____ Dataset content
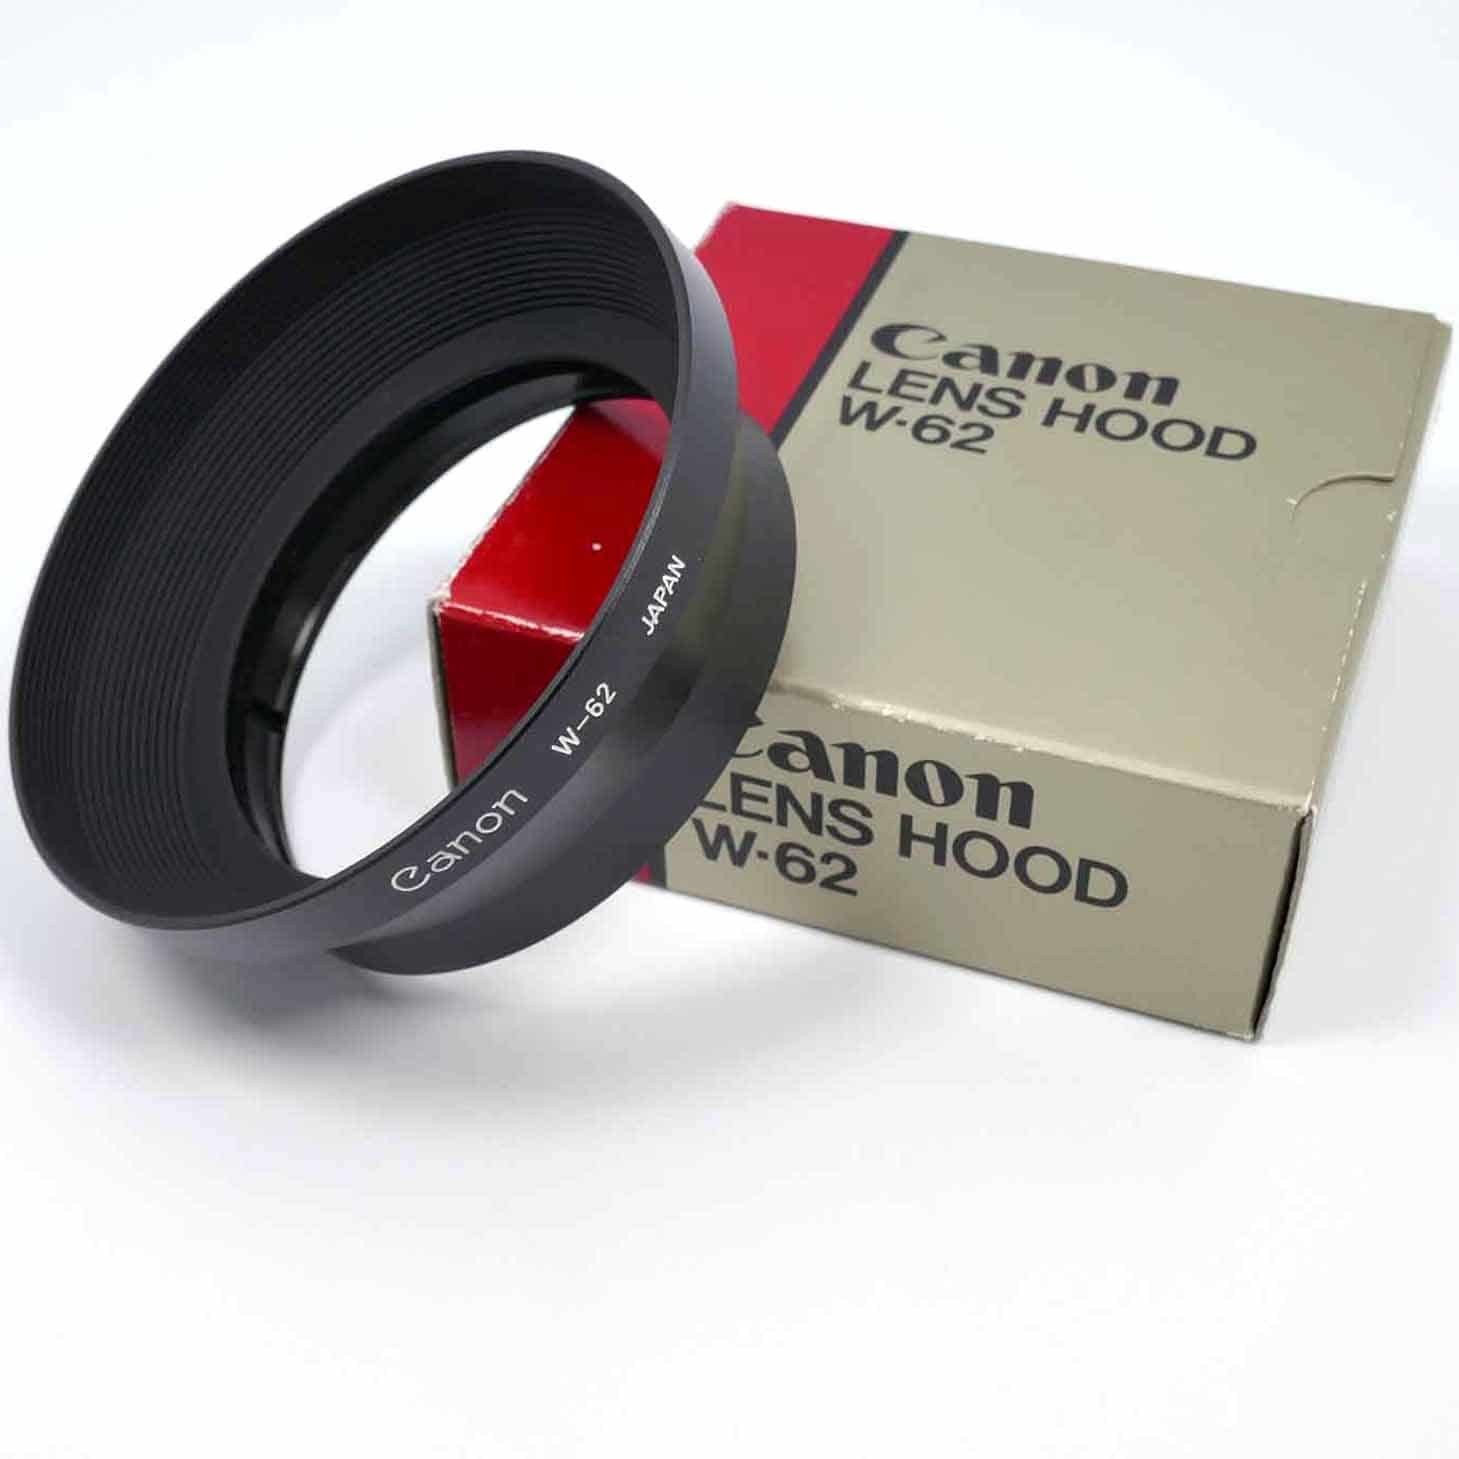 clean-cameras-Canon-Lens-Hood-W-62--01
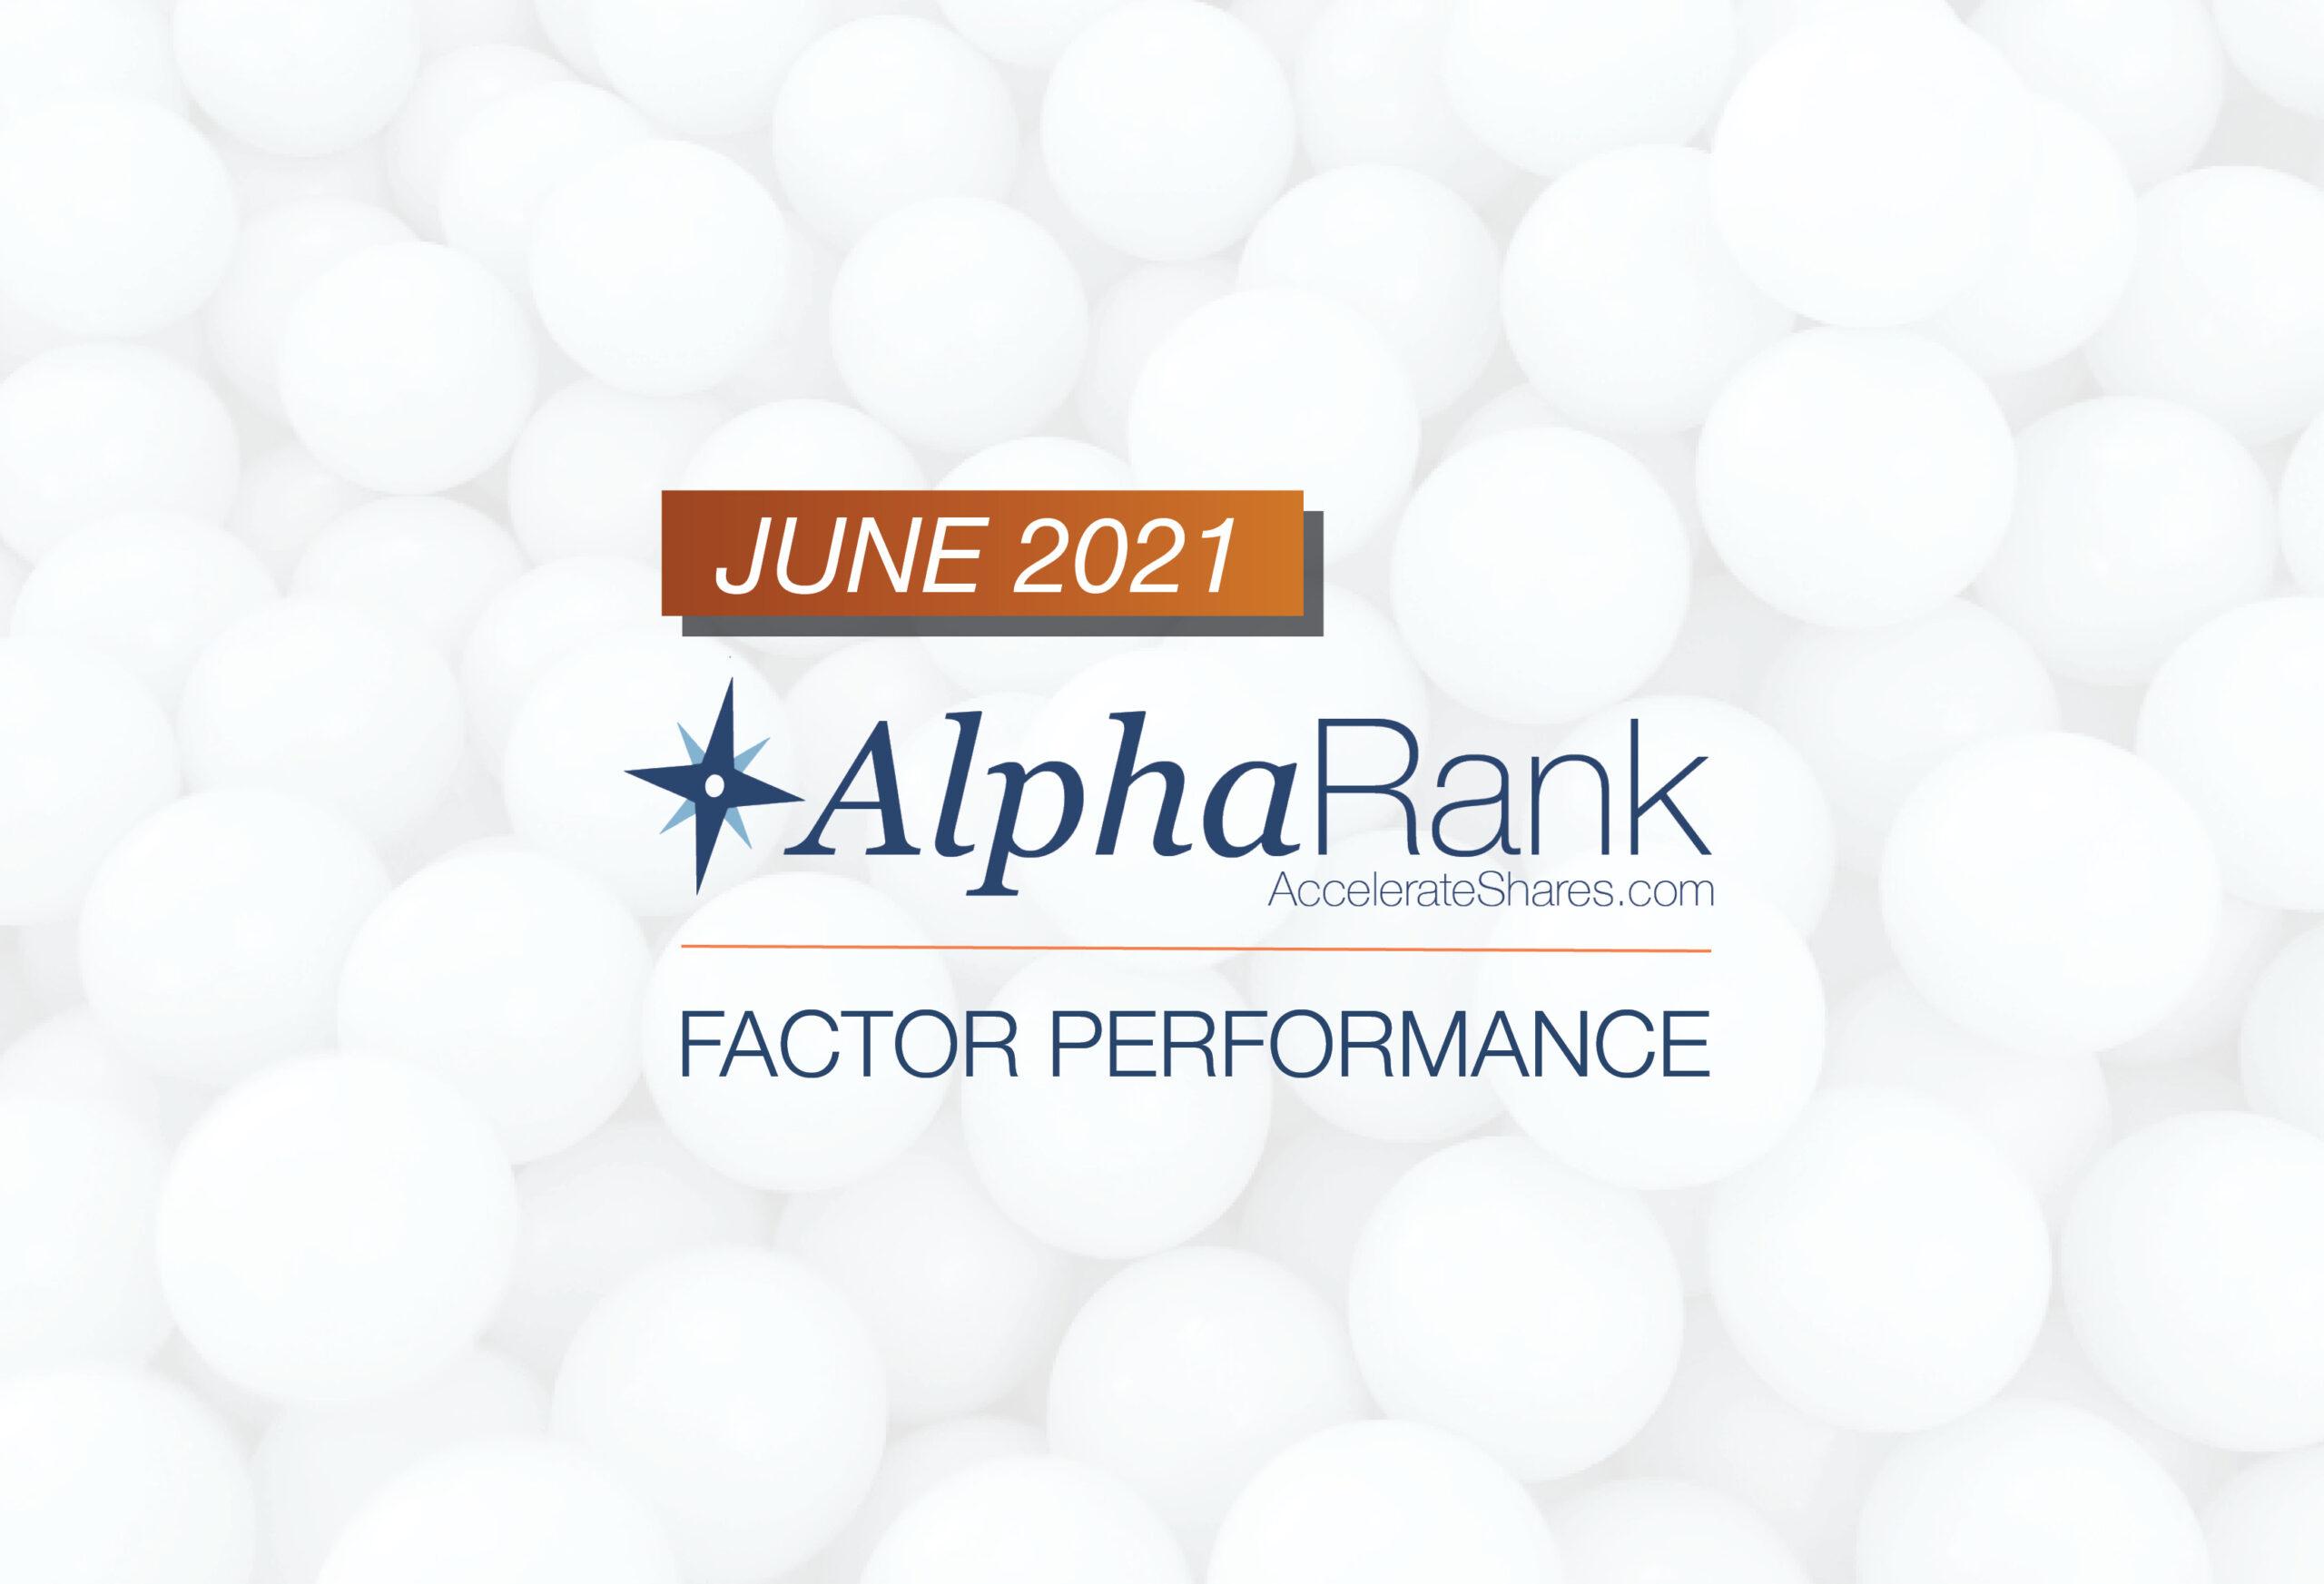 AlphaRank Factor Performance- June 2021
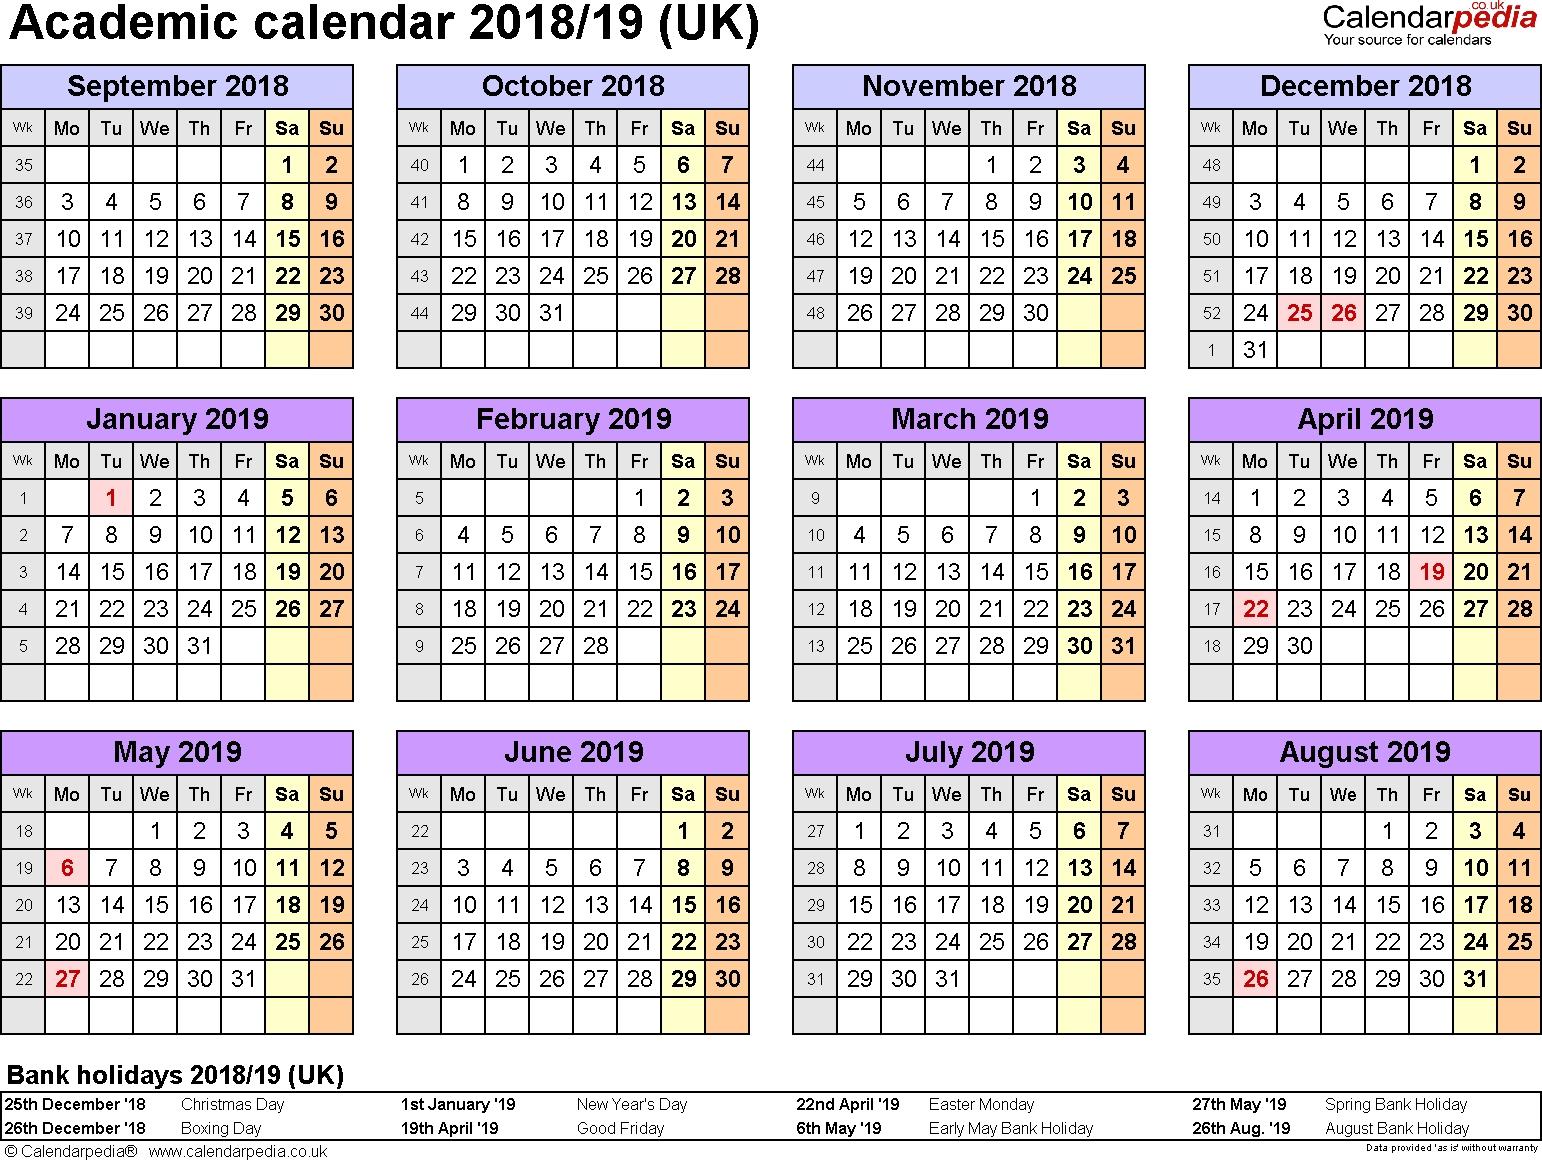 Academic Calendars 2018/2019 As Free Printable Word Templates Calendar 2019 19
________
* **Requirement**:
All of the lines above must be repeated without alteration, though the pictures are to be excluded.

* **Solution to this exercise**:
 clean-cameras-Canon-Lens-Hood-W-62--01
 AlphaRank Factor Performance- June 2021
 Academic Calendars 2018/2019 As Free Printable Word Templates Calendar 2019 19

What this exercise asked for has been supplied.